→ Data
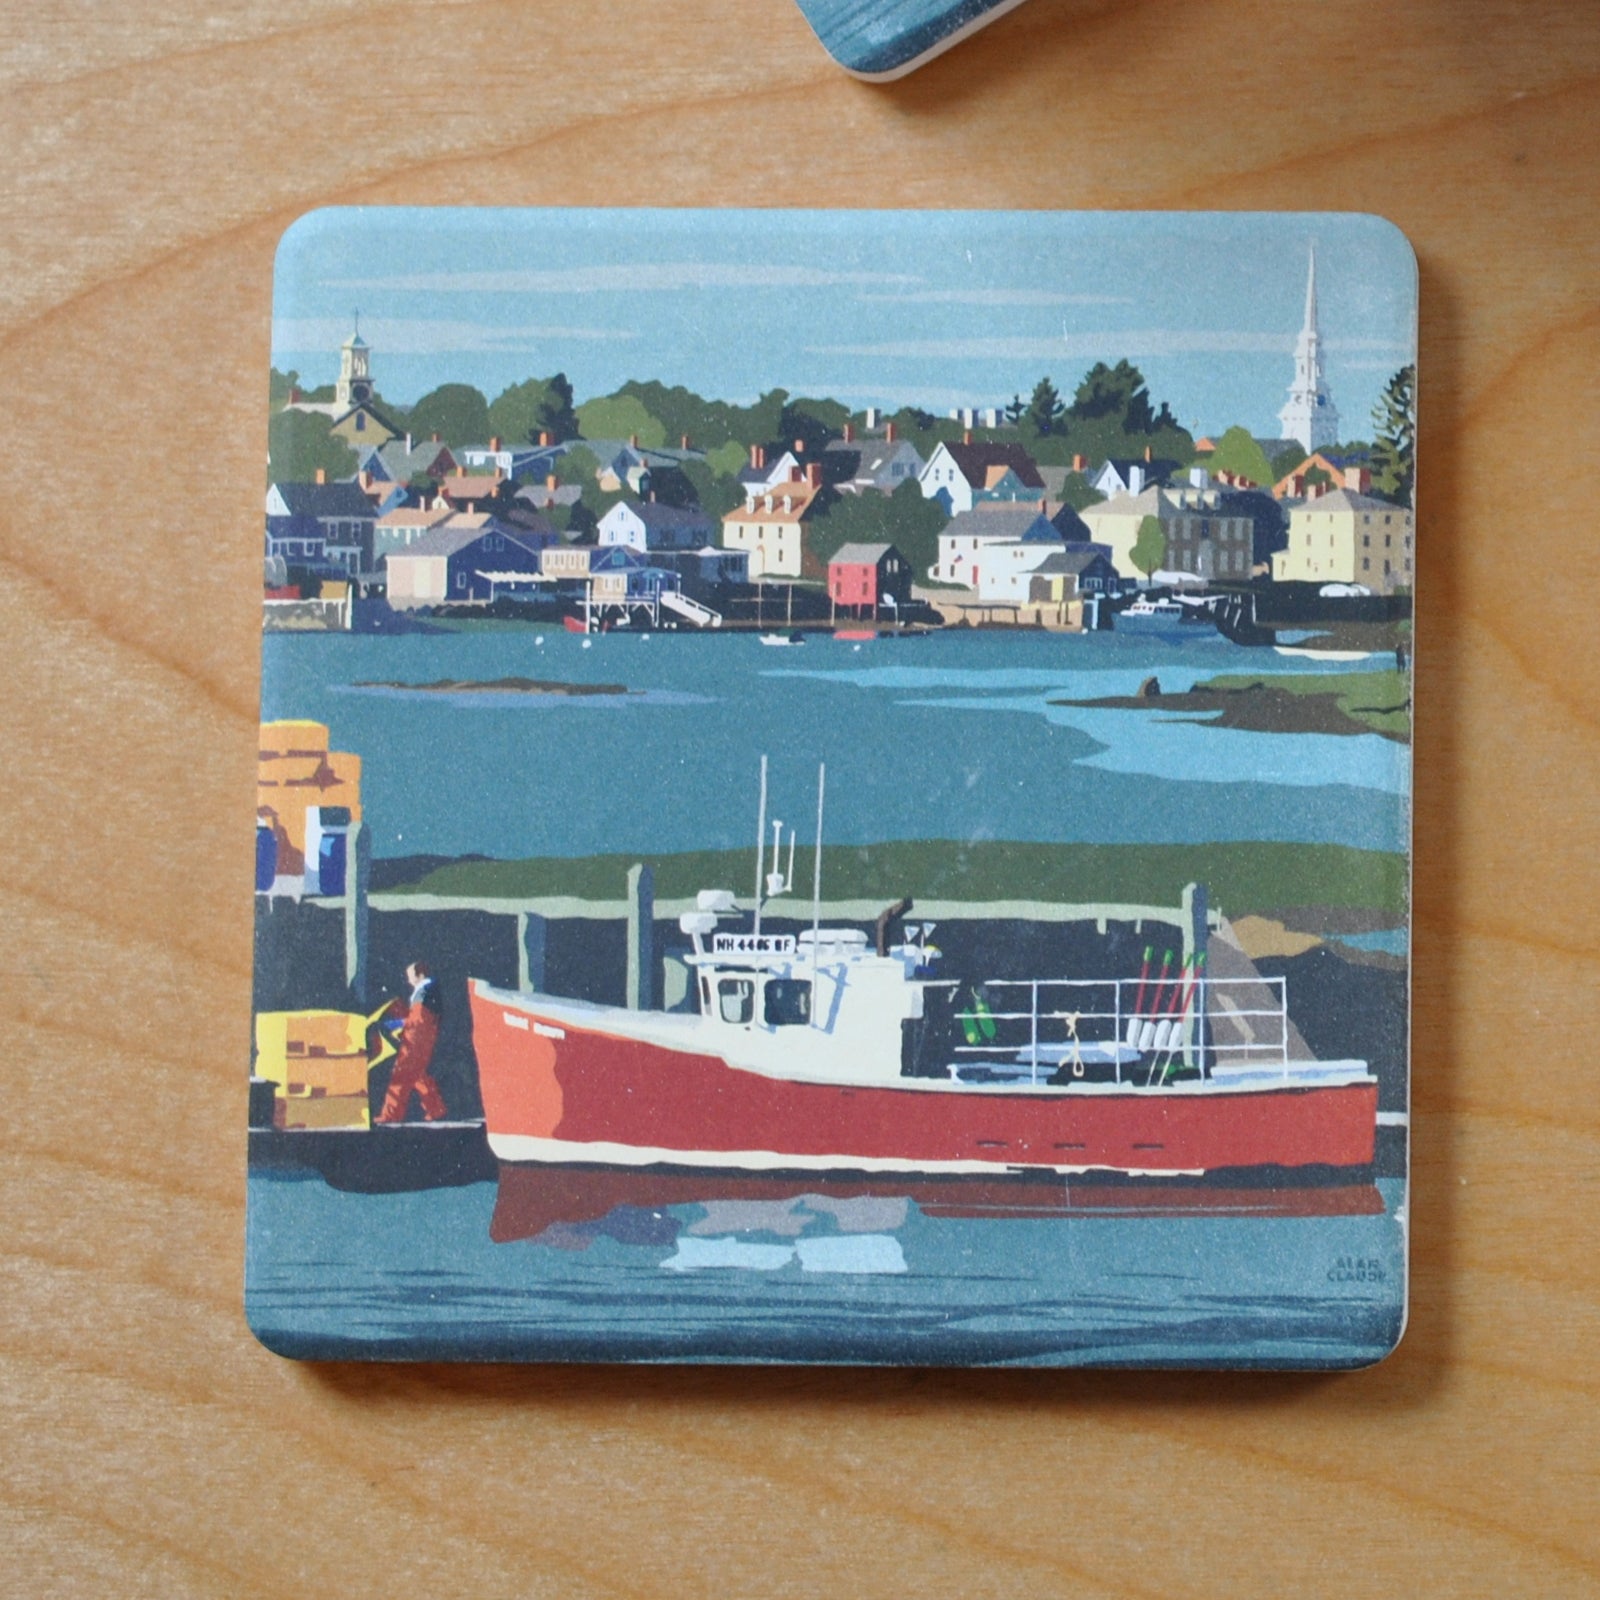 Red Lobster Boat Art Drink Coaster - New Hampshire
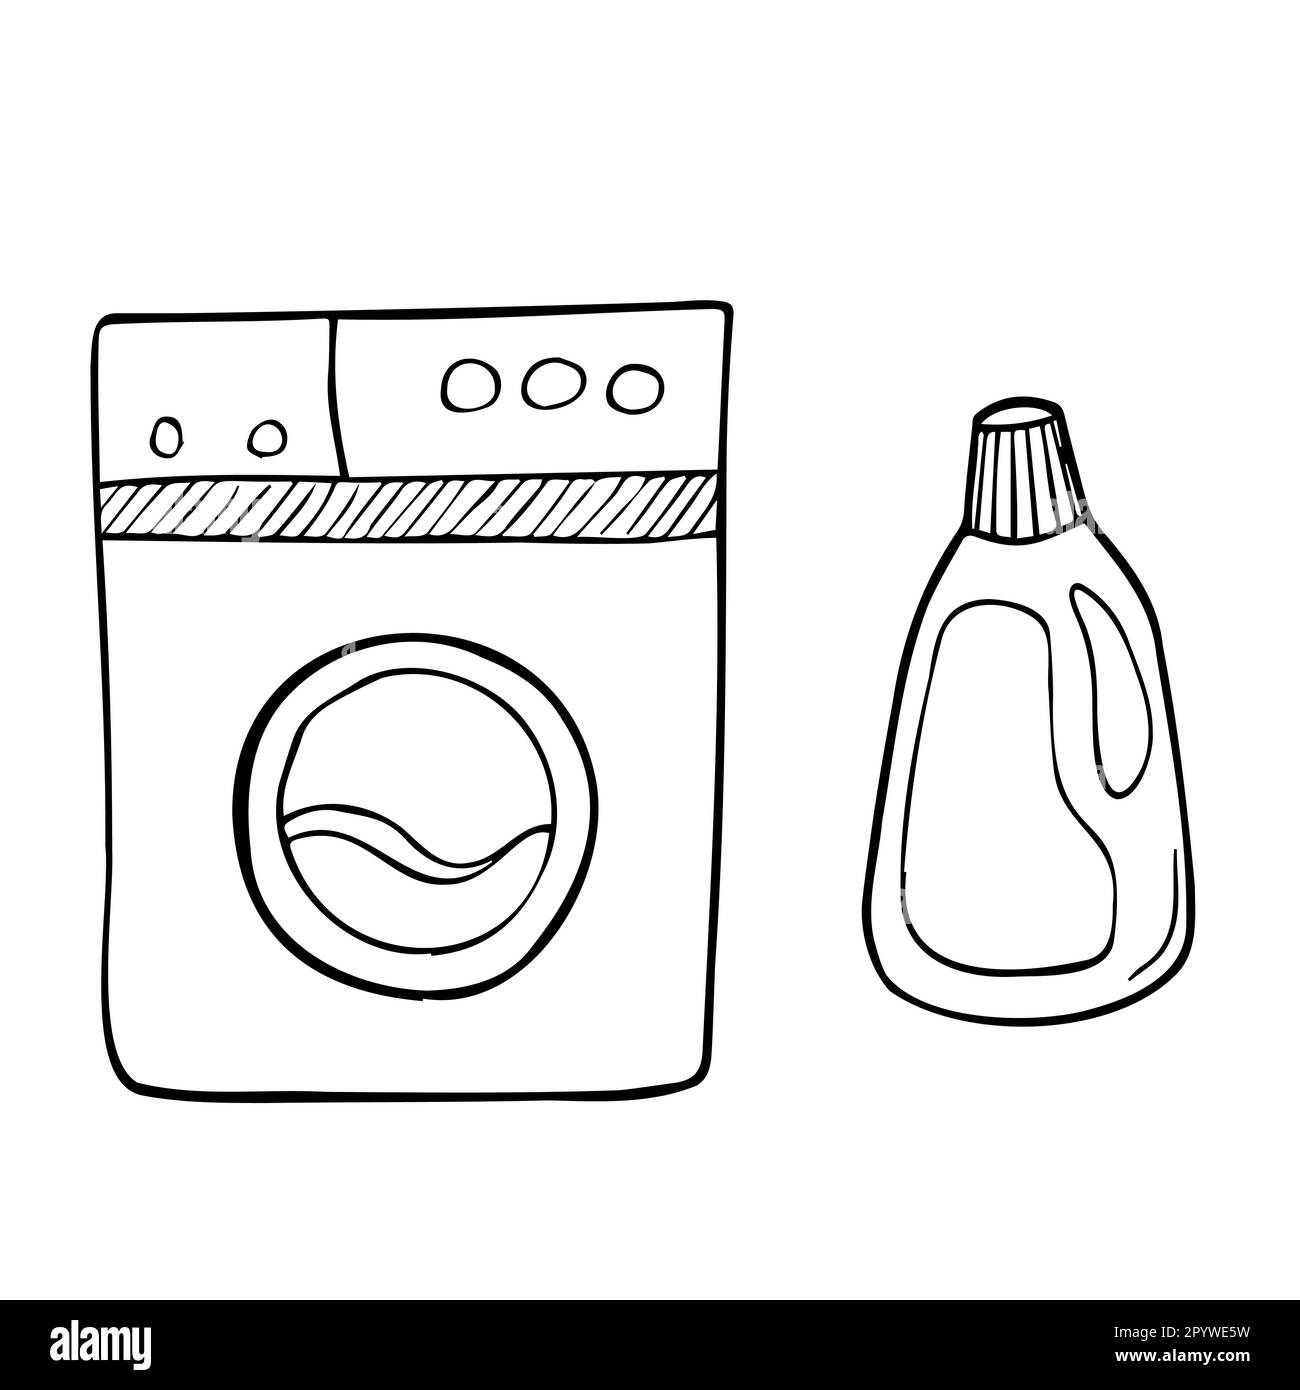 Composition with hand drawn laundry icons. Collection of sketched objects. Home laundry service. Accessories for washing Stock Vector
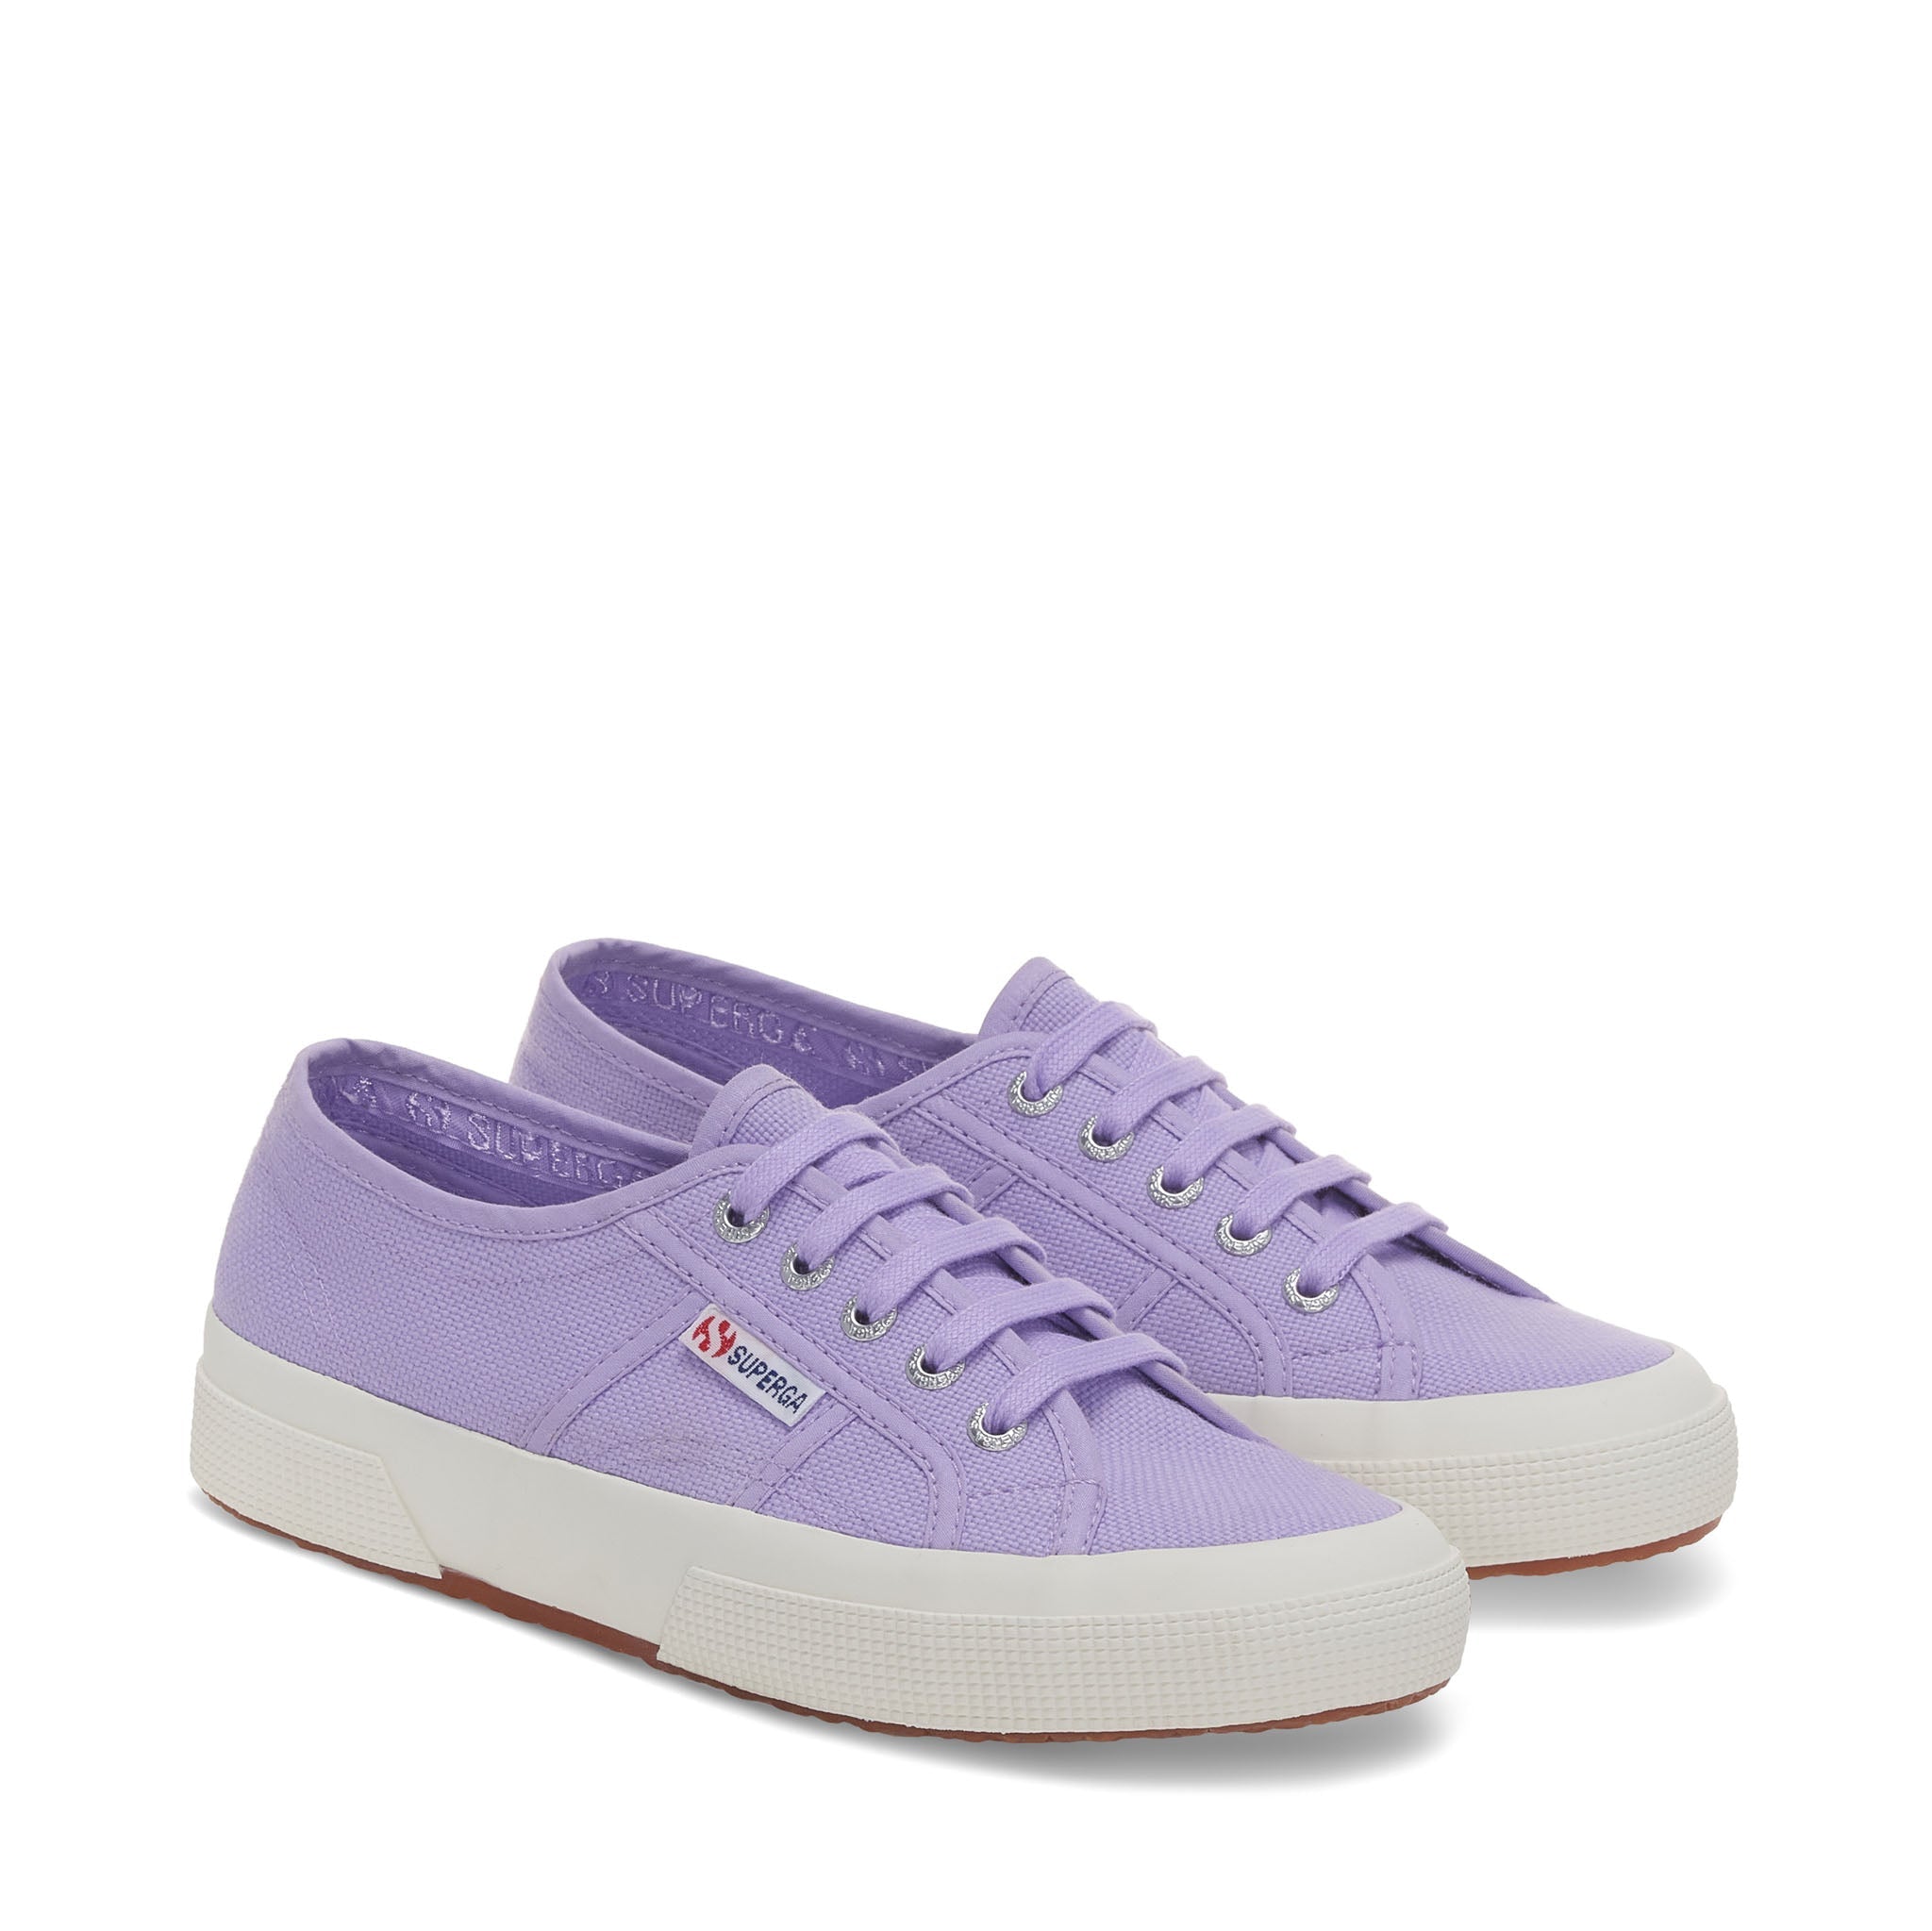 Superga 2750 Cotu Classic Sneakers - Violet. Front view.

→ Problem to work on
What the answer needs is every line from the one with "Composition with hand" through the last line of the data, reproduced word for word and with pictures omitted.

→ Answer to this exercise
 Composition with hand drawn laundry icons. Collection of sketched objects. Home laundry service. Accessories for washing Stock Vector
 Superga 2750 Cotu Classic Sneakers - Violet. Front view.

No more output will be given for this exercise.